Goal of the exercise: Your task is to reproduce the listing exactly, without its images.

Supplied records:
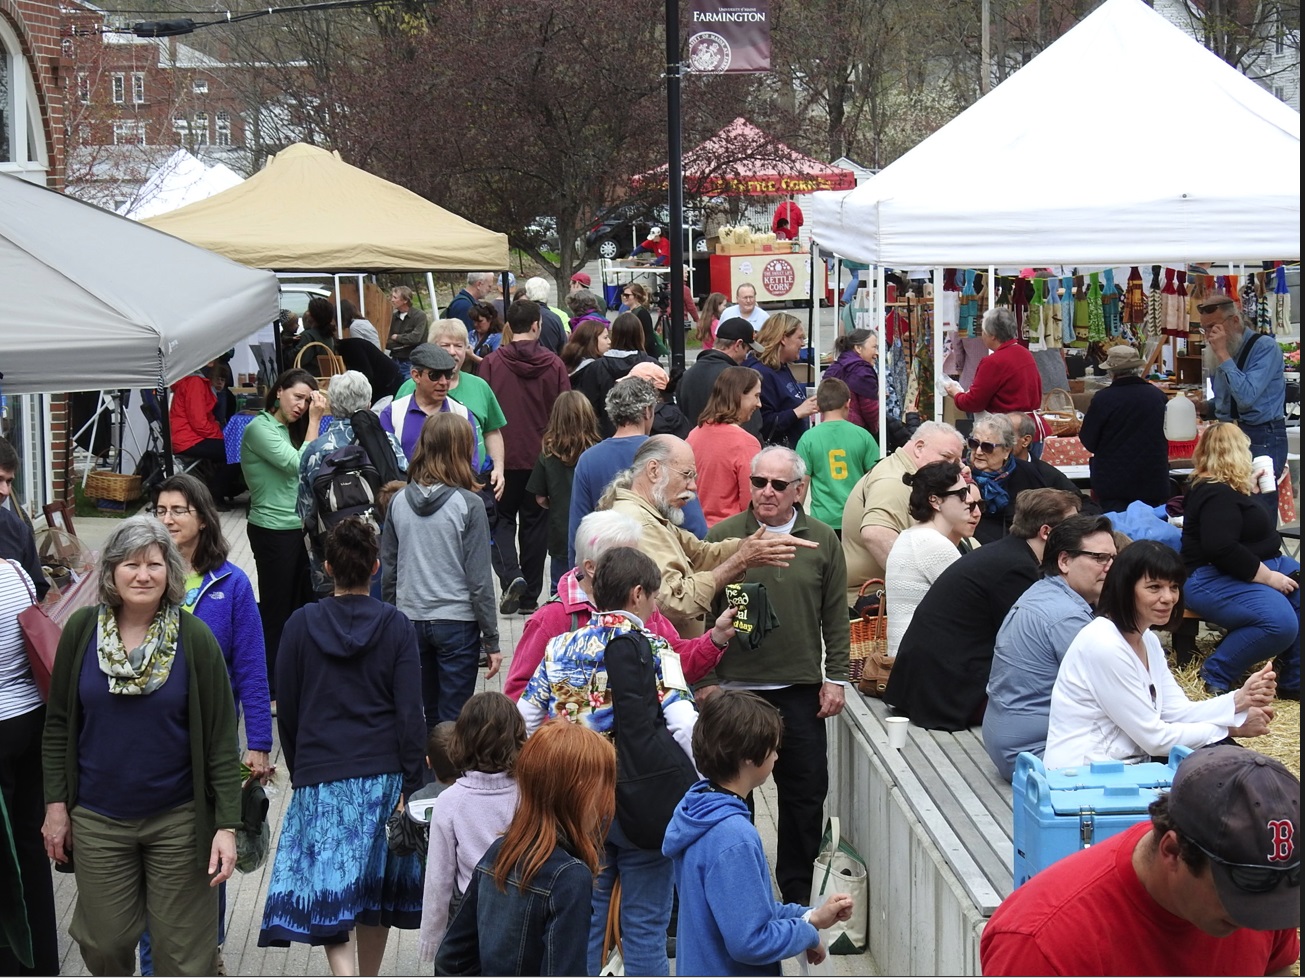 Maine Fiddlehead Festival celebrating the rural healthy lifestyle
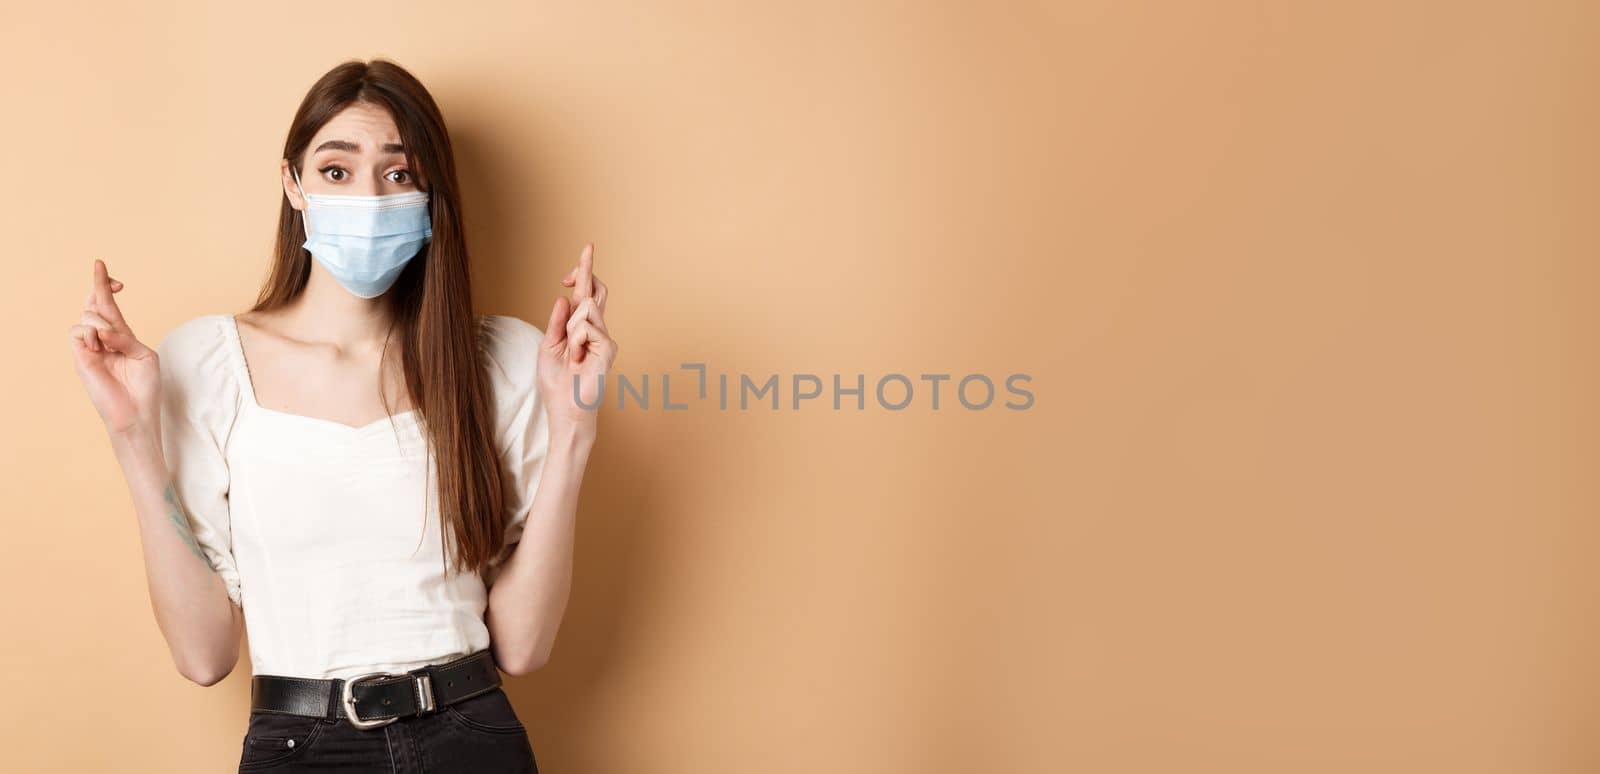 Covid-19 and lifestyle concept. Hopeful girl in face mask praying with fingers crossed, looking with hope at camera, standing on beige background.
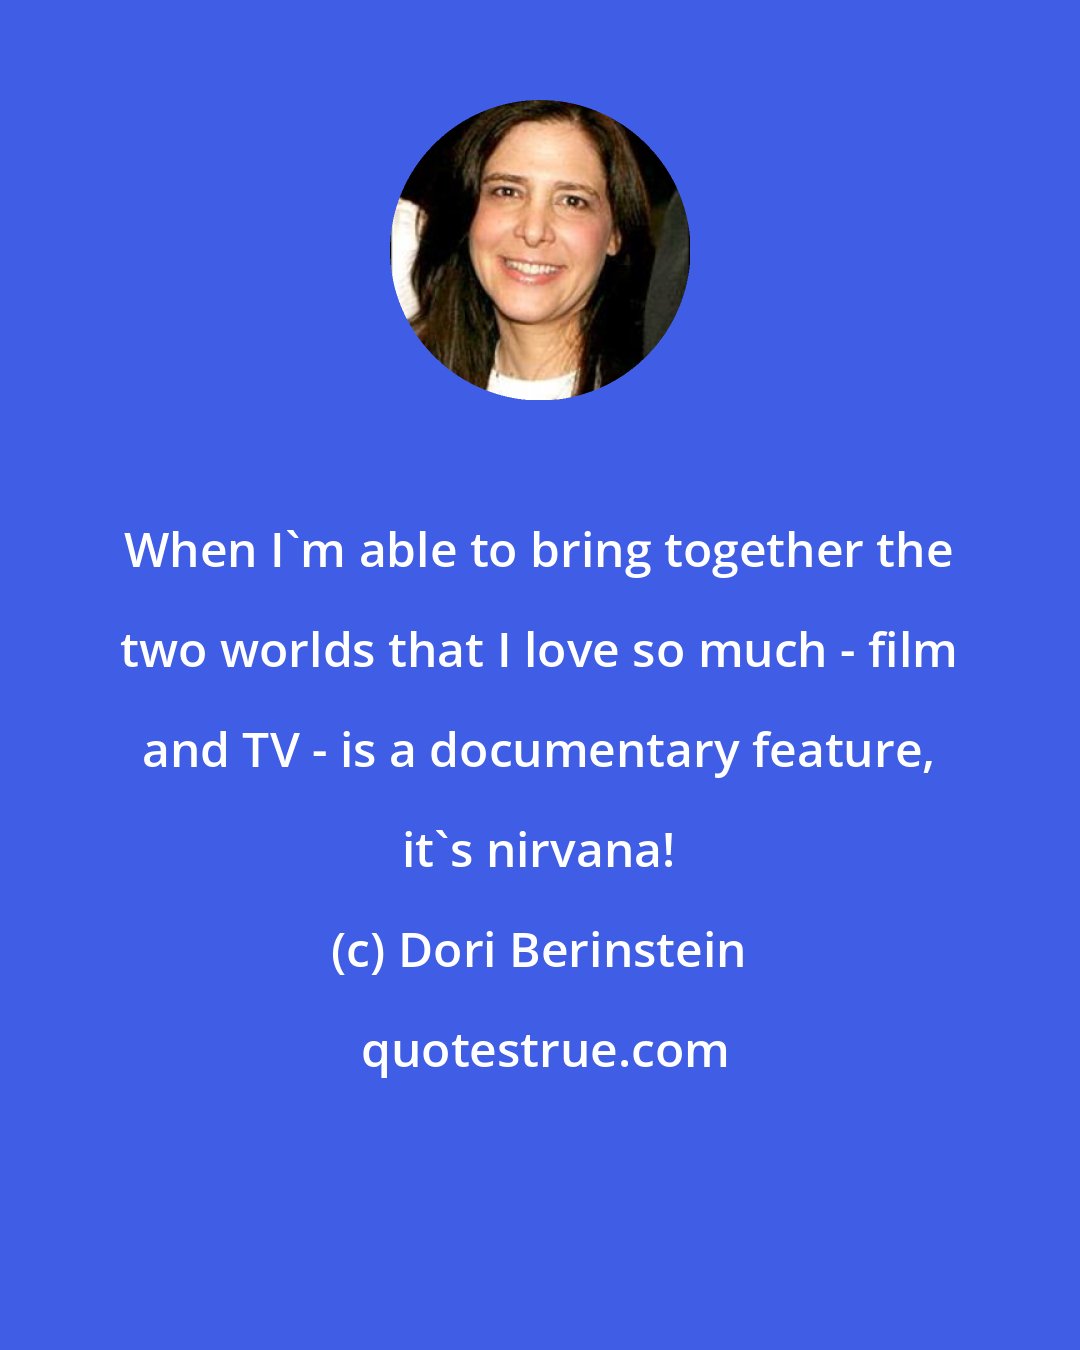 Dori Berinstein: When I'm able to bring together the two worlds that I love so much - film and TV - is a documentary feature, it's nirvana!
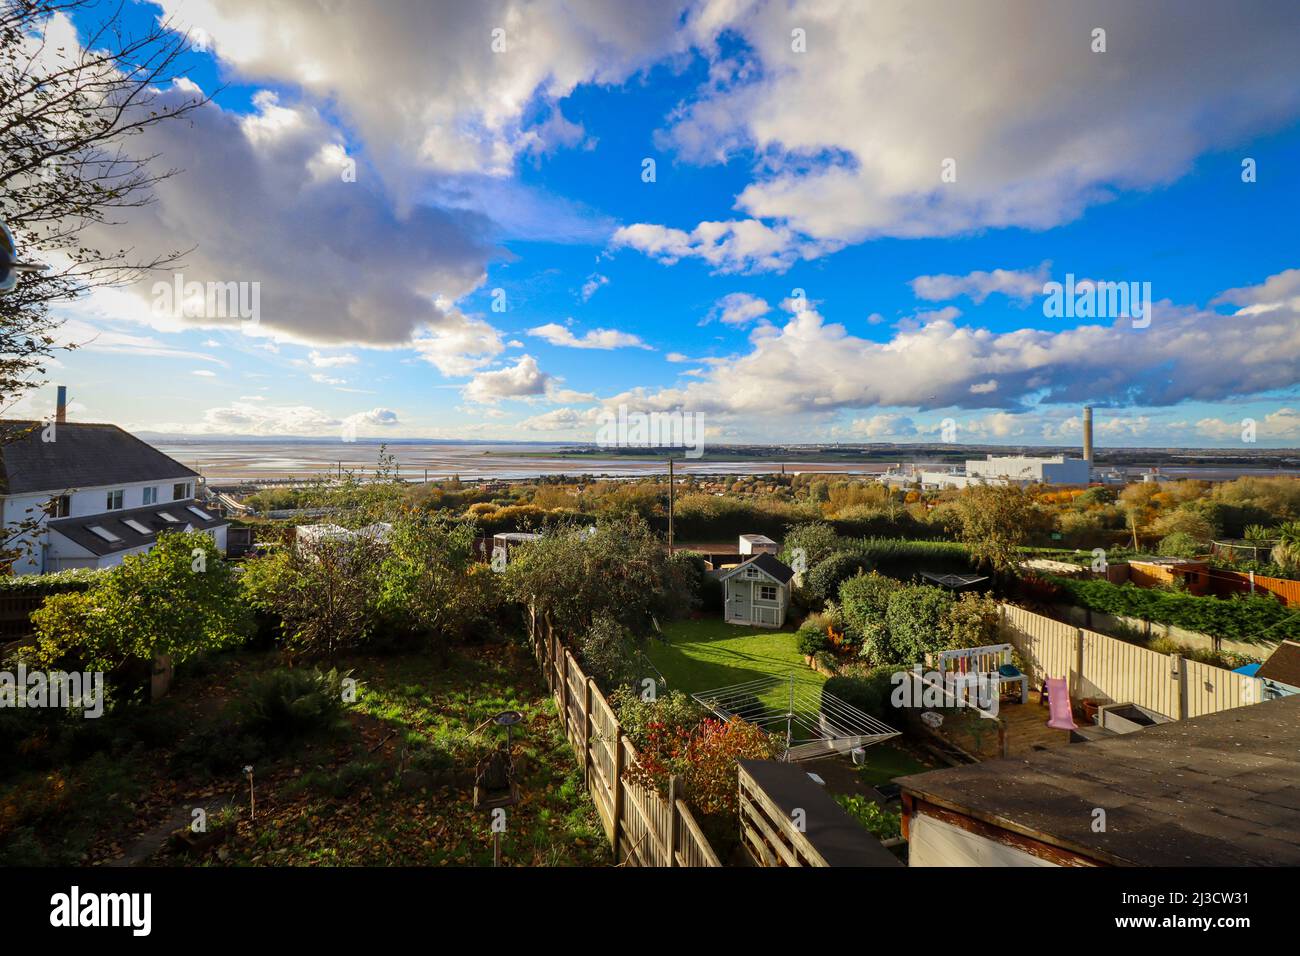 View over gardens, overlooking the River Mersey Marshes, Runcorn Stock Photo
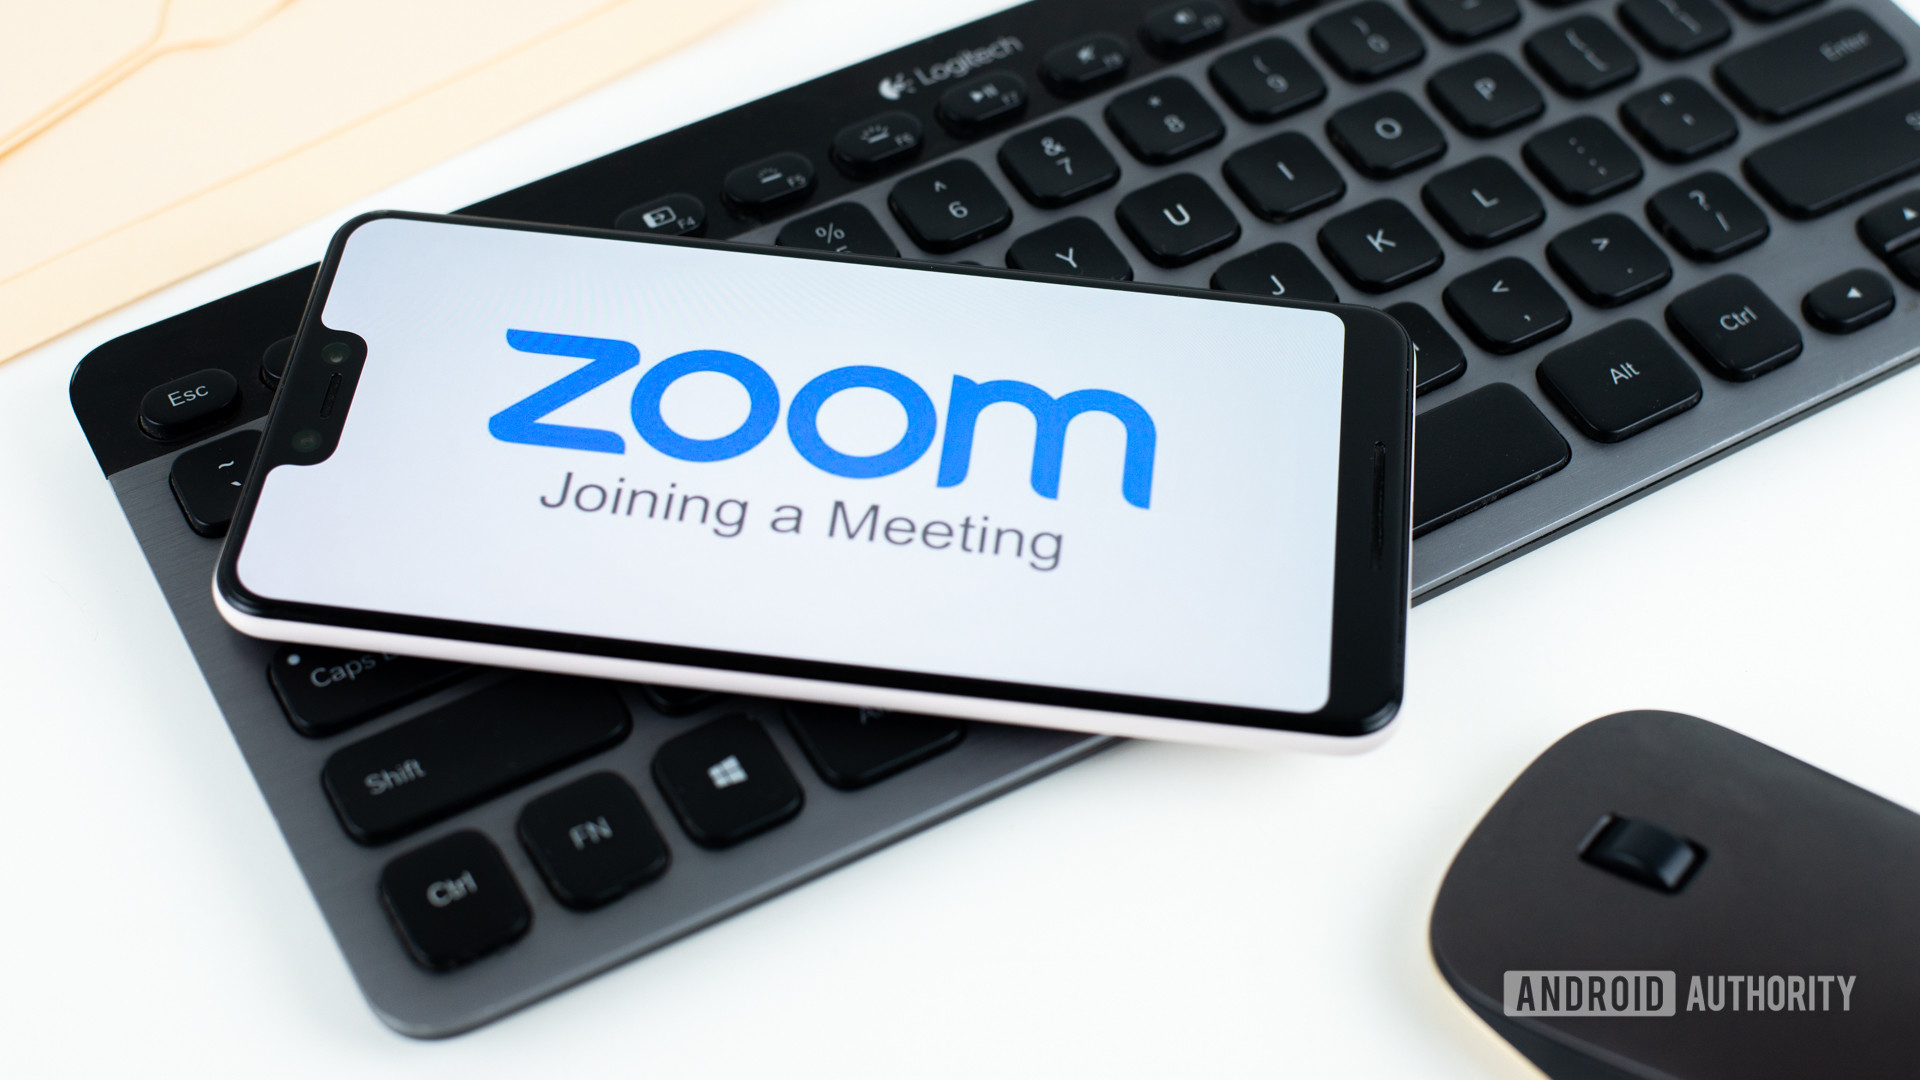 How to share your screen in Zoom meetings

Reply:
 Maine Fiddlehead Festival celebrating the rural healthy lifestyle
 Covid-19 and lifestyle concept. Hopeful girl in face mask praying with fingers crossed, looking with hope at camera, standing on beige background.
 Dori Berinstein: When I'm able to bring together the two worlds that I love so much - film and TV - is a documentary feature, it's nirvana!
 View over gardens, overlooking the River Mersey Marshes, Runcorn Stock Photo
 How to share your screen in Zoom meetings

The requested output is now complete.